───── Exercise material

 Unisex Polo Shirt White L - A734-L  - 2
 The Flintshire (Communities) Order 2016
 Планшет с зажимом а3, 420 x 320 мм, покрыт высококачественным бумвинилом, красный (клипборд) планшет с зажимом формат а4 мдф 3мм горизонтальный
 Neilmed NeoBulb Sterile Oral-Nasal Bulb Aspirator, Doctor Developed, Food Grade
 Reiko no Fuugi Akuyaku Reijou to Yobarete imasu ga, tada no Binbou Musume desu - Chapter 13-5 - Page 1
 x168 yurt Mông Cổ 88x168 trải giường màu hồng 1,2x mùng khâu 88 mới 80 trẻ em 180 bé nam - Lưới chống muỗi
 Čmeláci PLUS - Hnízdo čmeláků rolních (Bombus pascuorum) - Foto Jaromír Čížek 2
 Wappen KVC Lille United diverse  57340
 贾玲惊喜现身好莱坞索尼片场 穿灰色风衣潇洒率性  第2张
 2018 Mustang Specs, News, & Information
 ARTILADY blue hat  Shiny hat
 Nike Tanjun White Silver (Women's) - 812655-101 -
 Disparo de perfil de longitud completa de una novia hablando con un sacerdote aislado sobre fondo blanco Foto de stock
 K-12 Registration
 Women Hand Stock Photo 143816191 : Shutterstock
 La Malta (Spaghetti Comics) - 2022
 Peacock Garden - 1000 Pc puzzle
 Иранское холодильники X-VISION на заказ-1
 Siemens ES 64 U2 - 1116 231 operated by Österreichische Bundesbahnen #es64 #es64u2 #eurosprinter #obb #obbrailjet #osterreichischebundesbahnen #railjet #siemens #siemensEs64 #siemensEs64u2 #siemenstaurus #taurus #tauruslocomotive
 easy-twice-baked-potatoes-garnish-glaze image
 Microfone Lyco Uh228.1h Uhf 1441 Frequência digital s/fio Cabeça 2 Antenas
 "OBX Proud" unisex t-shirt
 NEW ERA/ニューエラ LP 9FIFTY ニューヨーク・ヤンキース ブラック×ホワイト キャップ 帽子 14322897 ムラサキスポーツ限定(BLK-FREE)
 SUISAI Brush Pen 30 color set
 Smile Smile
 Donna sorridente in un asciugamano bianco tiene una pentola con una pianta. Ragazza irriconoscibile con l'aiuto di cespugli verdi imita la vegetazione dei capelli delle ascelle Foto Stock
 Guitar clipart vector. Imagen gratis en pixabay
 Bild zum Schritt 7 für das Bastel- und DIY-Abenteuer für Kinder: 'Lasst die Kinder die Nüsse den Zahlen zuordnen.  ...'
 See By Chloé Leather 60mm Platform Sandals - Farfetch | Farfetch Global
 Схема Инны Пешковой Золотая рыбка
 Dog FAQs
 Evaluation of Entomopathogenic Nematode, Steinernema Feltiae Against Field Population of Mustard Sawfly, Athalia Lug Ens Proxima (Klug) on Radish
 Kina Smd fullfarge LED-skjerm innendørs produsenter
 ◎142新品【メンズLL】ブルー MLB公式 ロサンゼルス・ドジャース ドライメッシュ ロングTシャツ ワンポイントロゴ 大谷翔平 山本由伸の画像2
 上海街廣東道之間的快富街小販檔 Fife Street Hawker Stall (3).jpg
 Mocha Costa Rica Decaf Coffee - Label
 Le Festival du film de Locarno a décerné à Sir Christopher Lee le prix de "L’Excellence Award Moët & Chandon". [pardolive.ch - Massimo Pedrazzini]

──────────

__What is being asked__.
Could you return exactly the stretch of the data above that starts at the line with "NEW ERA/ニューエラ LP" and ends at the line with "Guitar clipart vector.", both lines included?

__Reply__.
 NEW ERA/ニューエラ LP 9FIFTY ニューヨーク・ヤンキース ブラック×ホワイト キャップ 帽子 14322897 ムラサキスポーツ限定(BLK-FREE)
 SUISAI Brush Pen 30 color set
 Smile Smile
 Donna sorridente in un asciugamano bianco tiene una pentola con una pianta. Ragazza irriconoscibile con l'aiuto di cespugli verdi imita la vegetazione dei capelli delle ascelle Foto Stock
 Guitar clipart vector. Imagen gratis en pixabay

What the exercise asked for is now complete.